Drop your ASIN - get an optimized listing and push it to Amazon Seller Central in one click. Drop your ASIN - get an optimized listing, push to Amazon. Try it →Tools are what turn an LLM into an agent. Without tools, you have a model that talks. With tools, you have software that acts. This page covers the four kinds of tools that show up in production, the Model Context Protocol that's standardizing how agents call them, and the Amazon Ads MCP Server launch in February 2026 that changed what's practical to build.
A tool is any external function an AI agent can call to gather information or act on the world. Capabilities are the categories of work an agent can do based on which tools it has access to. More tools, more capabilities. Better tools, better capabilities.
Every tool an agent calls falls into one of four categories. Understanding the categories helps you read agent vendor pitches accurately.
The agent calls an external HTTP API. Pulls data or triggers an action. For Amazon-seller agents, the dominant APIs are Amazon's SP-API (catalog, orders, inventory) and Amazon Ads API (campaigns, bids, reports). Third-party APIs like Keepa for price history, Helium 10 Cerebro for keyword data, Jungle Scout for market intelligence.
APIs are the workhorse tool type. Most of what an agent does to a live Amazon account flows through API calls.
The agent searches a knowledge base for relevant information before answering. Brand guidelines, prior conversations, your category benchmarks, Amazon's style rules. The agent embeds a query, searches a vector database, retrieves the most relevant chunks, and pulls them into context.
Covered in the memory and learning guide. RAG is technically a memory feature, but it's implemented as a tool the agent calls, so it shows up here too.
The agent runs code to do work that's hard to do in pure language. Number crunching, file processing, web scraping, data transformations. Python is the dominant language in production agent setups.

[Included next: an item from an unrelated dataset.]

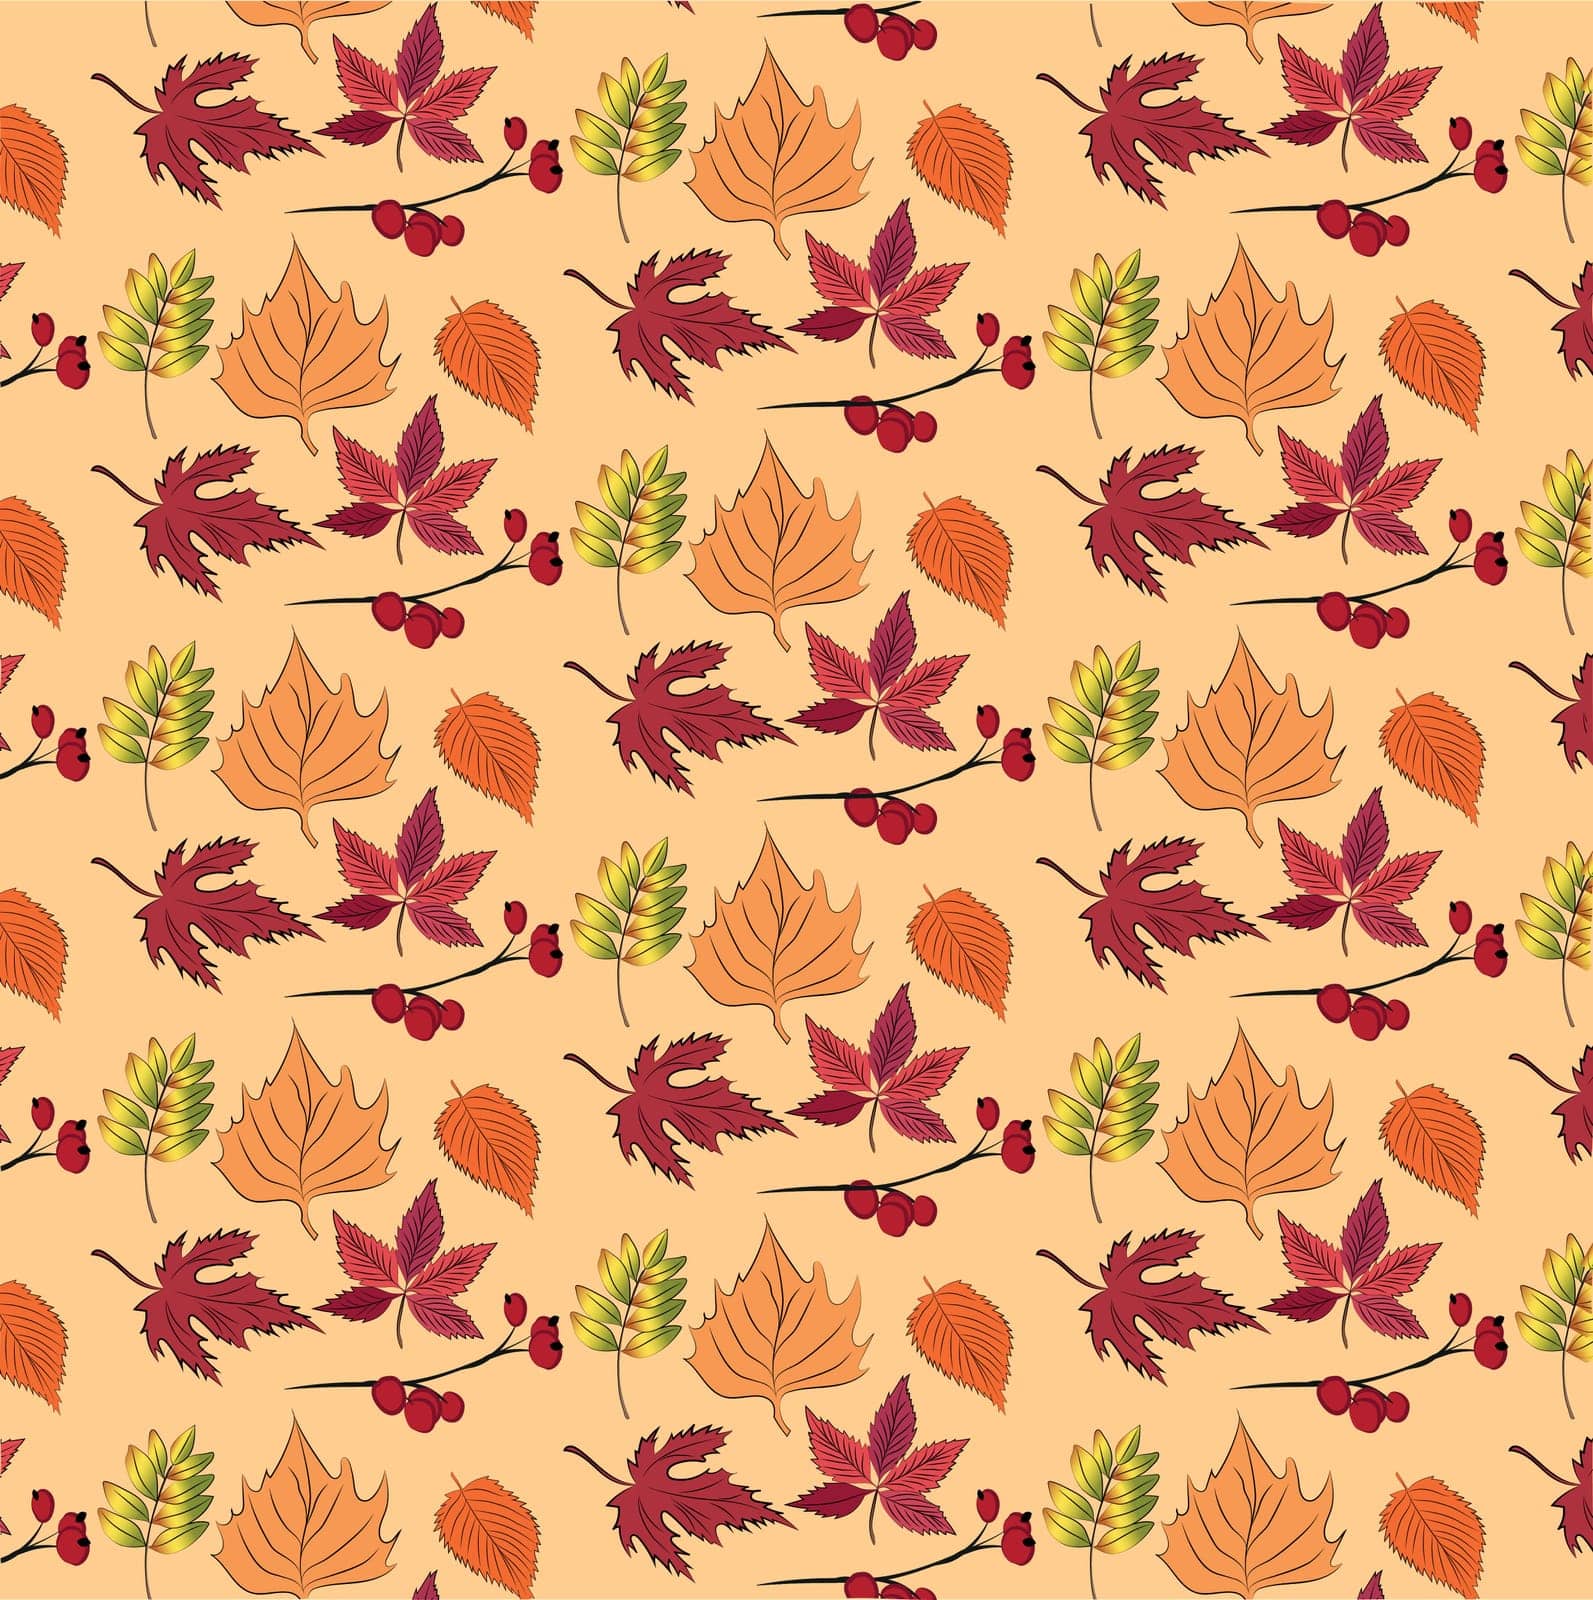 Autumn pumpkins with teal background pattern. Maple leaves, sunflowers, flowers ditsy. Perfect for fall, Thanksgiving, holidays, fabric, textile. Seamless repeat swatch. Vector illustration

Code execution is powerful but adds attack surface (sandboxing matters) and cost. Most ecommerce-seller agents don't need code execution. Data agents and research agents often do.
The agent calls a different model to do a specialized job. Text generation calling an image model. A reasoning model calling a faster transcription model. A planner LLM dispatching work to a vision LLM.
Common in image-generation pipelines (the agent reasons in Claude, generates images with Imagen 3) and in transcription workflows (the agent uses Whisper for speech, then Claude for synthesis).
Here's a counterintuitive finding from running SellerShorts for six months: upgrading the underlying model usually matters less than improving the tools the agent can call. Two reasons.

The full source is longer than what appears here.